CALL FOR PROPOSALS:

ORGANIZERS

  • Harvey Thorleifson, Chair
    Minnesota Geological Survey
  • Carrie Jennings, Vice Chair
    Minnesota Geological Survey
  • David Bush, Technical Program Chair
    University of West Georgia
  • Jim Miller, Field Trip Chair
    University of Minnesota Duluth
  • Curtis M. Hudak, Sponsorship Chair
    Foth Infrastructure & Environment, LLC

 

Paper No. 7
Presentation Time: 3:05 PM

MODEL COMPLEXITY AND SIMPLICITY: COMBINING THE STRENGTHS OF BOTH


DOHERTY, John, National Centre for Groundwater Research and Training, Flinders University, GPO Box 2100, Adelaide, 5001, Australia, johndoherty@ozemail.com.au

We have the technology to simulate complex processes in complex media. While the outcomes of predictive simulation rarely match reality, a complex model domain can be made to look real. Hence rock types and hydraulic properties can be represented in the model at locations at which they were sampled. Moreover interpolation of both of these to the model’s mesh can be informed by expert knowledge. Because expert knowledge is stochastic in nature, it gains full expression when it is used as a stochastic field generator of rock dispositions and hydraulic properties, constrained by measurements at points at which either or both of these are known.

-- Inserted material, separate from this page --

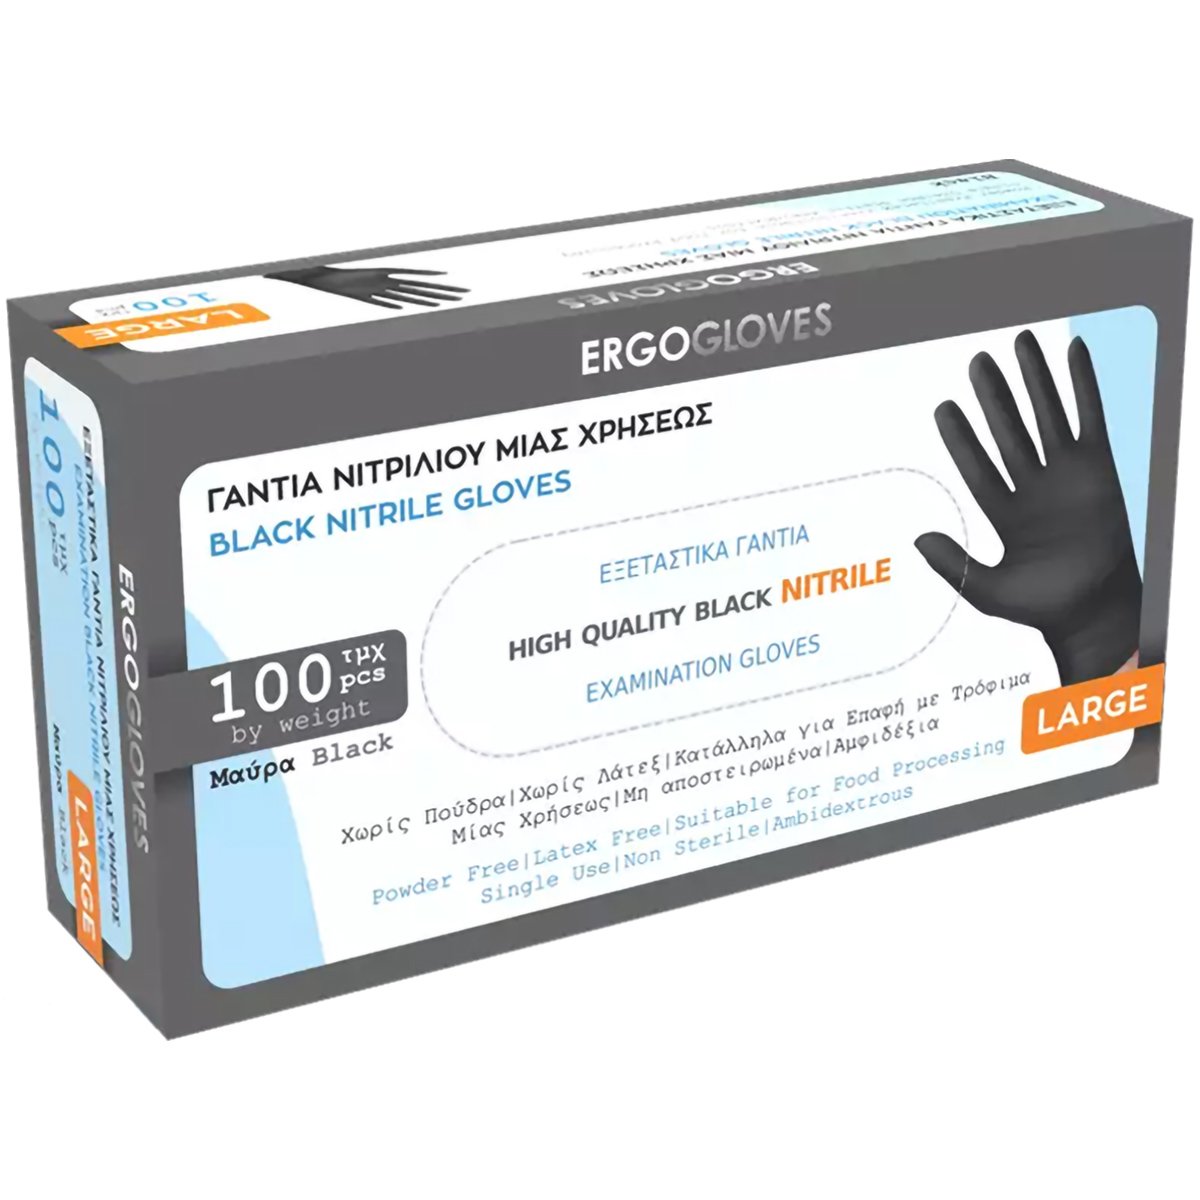 Bulk Ergogloves Black Nitrile Gloves Μαύρα Γάντια Νιτριλίου Μιας Χρήσης 100 Τεμάχια - Large

Unfortunately, while a complex model may provide good receptacles for expert knowledge, its ability to make use of information resident in measurements of system state through “history matching” may be limited. This can be viewed as calculation and maximization of the likelihood term of Bayes equation. The likelihood term can be just as important as the prior information term in quantifying and reducing the uncertainty of model predictions. However use of a complex model in the history-matching processes can place mathematical, numerical and computational obstacles between the information that is resident in measurements of system state, and the model itself. So while the uncertainty that exists prior to the use of that information can be quantified using a complex model, a simpler model must often be employed to reduce that uncertainty. But because a simpler model may provide poorer receptacles for expert knowledge than a complex model, its potential for reducing predictive uncertainty through the history-matching process may not be realized.

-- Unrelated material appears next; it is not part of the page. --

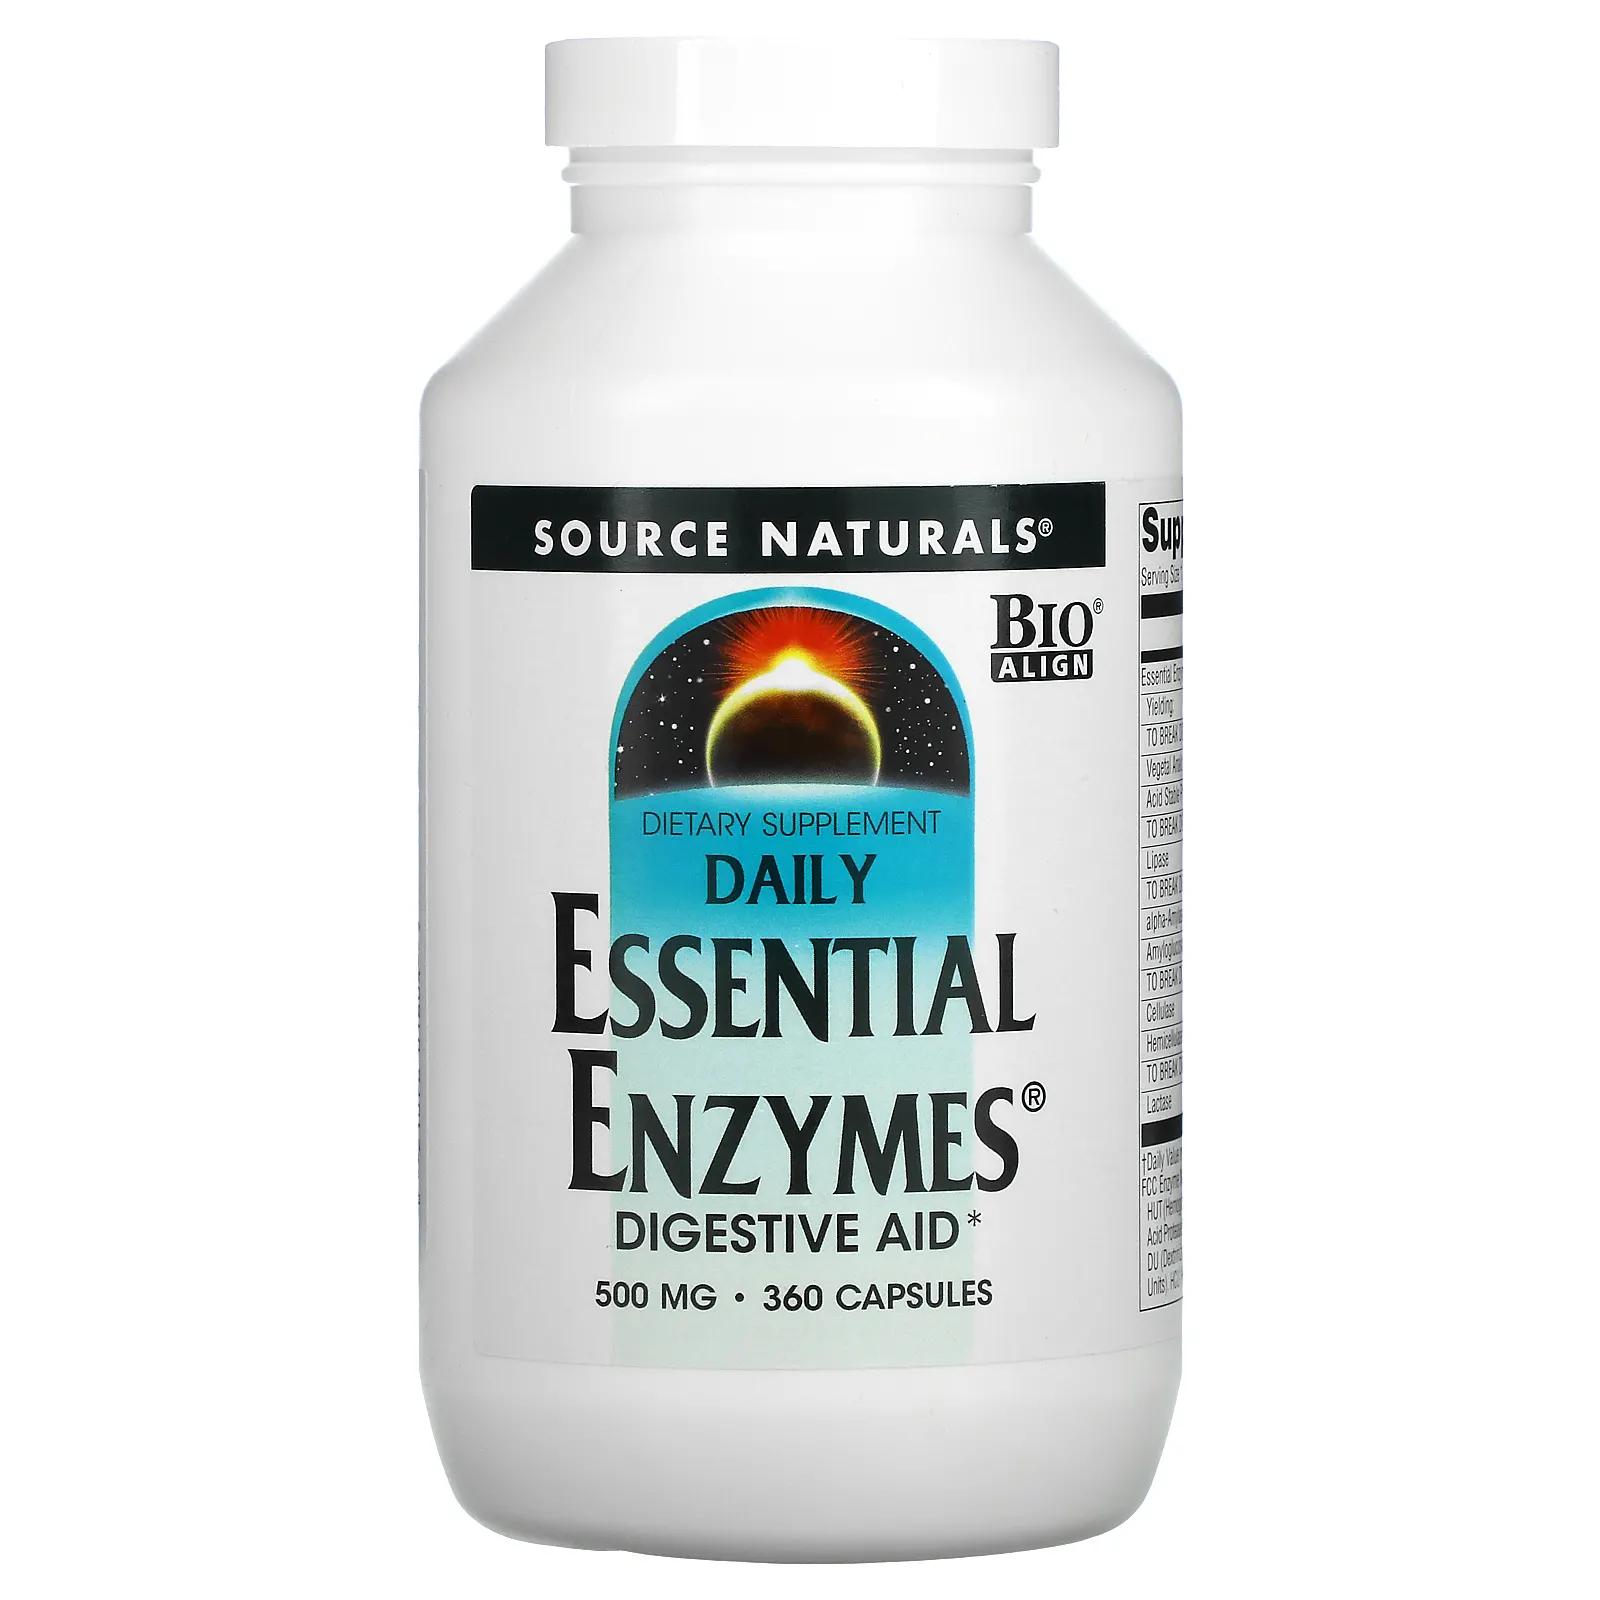 Source Naturals Daily Essential Enzymes пищеварительные ферменты для ежедневного использования 500 мг 360 капсул пищеварительные ферменты daily essential enzymes 500 мг 240 капсул source naturals

This tension between complexity and simplicity can be resolved by using a complex and simple model in partnership. Through repeated calibration of the simple model against outputs of the complex model generated using different stochastic realizations of the geological and hydraulic properties of reality, the “cost of simplicity” can be quantified. This cost expresses itself in bias, and a reduced ability of a simple model to compute predictive uncertainty. When the simple model is then calibrated against a real-world dataset, and used to make predictions, simplicity-induced bias can be corrected, and predictive uncertainty can be quantified.